Just one thing, a few simpler examples for certain concepts may be better for understanding them, as some people (like me) who are not well versed with scientific terms and concepts find it a bit challenging and difficult to understand them.
por Rong-Rong C•
Crash course is the correct description; vast amount of material covered in a few segments. As a result, this course is fast-paced and does not go too deeply into any particular aspect of statistics. It is nice to have a little knowledge of the subject matter but it is not required.
por Sergey G•
This course could be really usefull even for experienced Data Scientist to correctly organize a workflow in his\her DS team. The described technologies and some examples a little bit outdated in 2020, but most of the information is quite general and relevant for any period of time,
por Peter E•
I am a PhD biologist leading a team of data analysts. I found this course to be quick and easy to follow, well presented, and extremely helpful. The instructors are truly professional and they excel in this medium, I was very impressed. Thanks Coursera and Johns Hopkins!
por Marc-Eric L•
It was very good. I am not a DS but have been exposed to their work. I would like to debate whether Hadoop is the best place to do the work today, but the point made still stands. The one thing that made me put a 4* instead of 5: I don't see how it is "executive" yet.
por Lucas B P•
I left with a good understanding of the reach and dynamics of the field of data science.
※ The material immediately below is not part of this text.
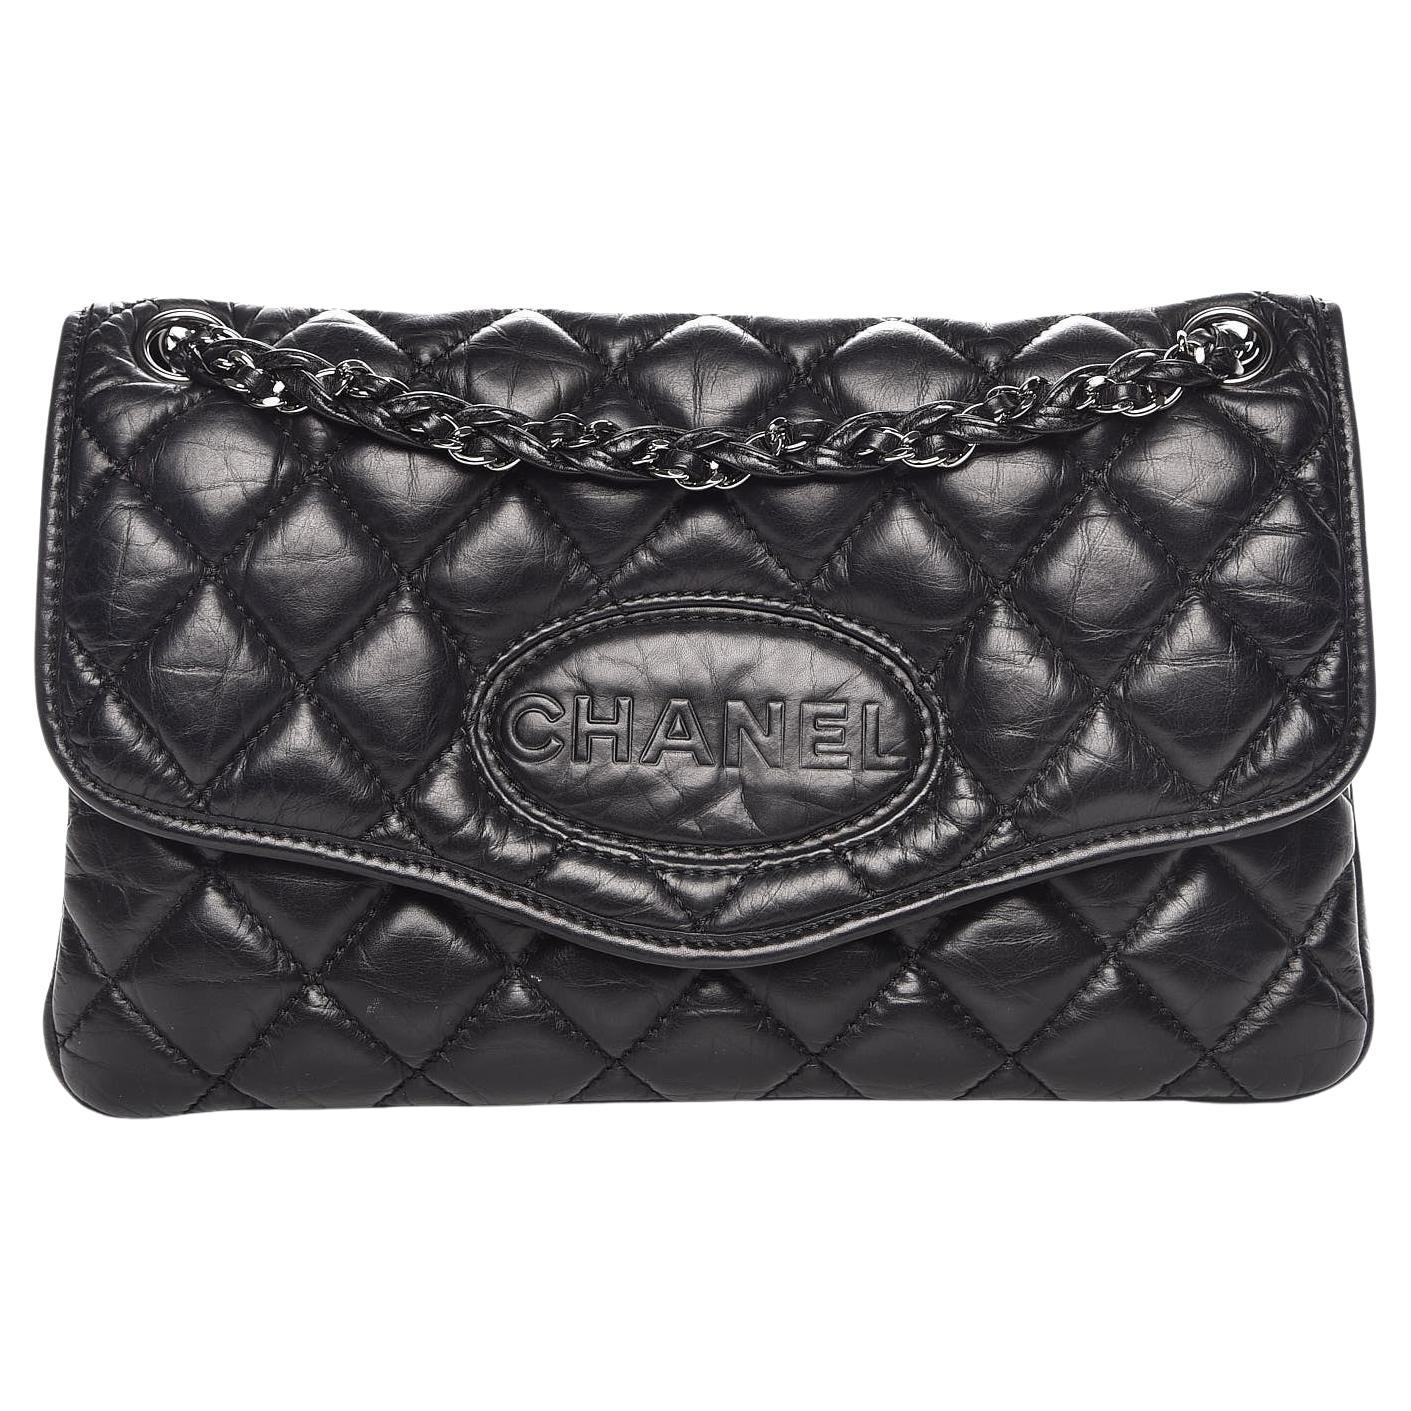 Chanel 2005 Vintage Soft Distressed Leather Diamond Quilted Classic Flap Bag For Sale

Even with experience in using data to answer questions in the context of an organization this has been a good way of mapping out the areas where that experience can be extended.
por Seraphim A•
A very good intro to Data Science by three experts. Well-paced, with reasonable quiz questions and can be completed in less than a week. However, I would certainly not pay for it, because it is feels more like a well-designed ad for the spesialization that follows!
por Ben H•
As advertised. This is a basic introduction into thinking about data science problems and processes. No statistics or coding, but the discussion of tools and ideas will be valuable for anyone who is numerate but hasn't been exposed to data science practices.
por Priya S•
Course explanation/class can be a little more simple as this is a crash/basic course for data science. There were multiple situations where I had to google on few data science/statistics jargons, which I couldn't understand as I am a beginner in this field.
por Kevin W F•
While the course has excellent material, I would not send any of my executives to it. The information is to deep and technical for a business executive in my opinion. I would have liked more examples on how implementing this would benefit a business.
por Abraham E•
Good starting point if you have no idea about what data science is about. It could be more helpful if it made a clearer distinction between classic statistics and data science (it is briefly mentioned); and what are the pardigms of this discipline.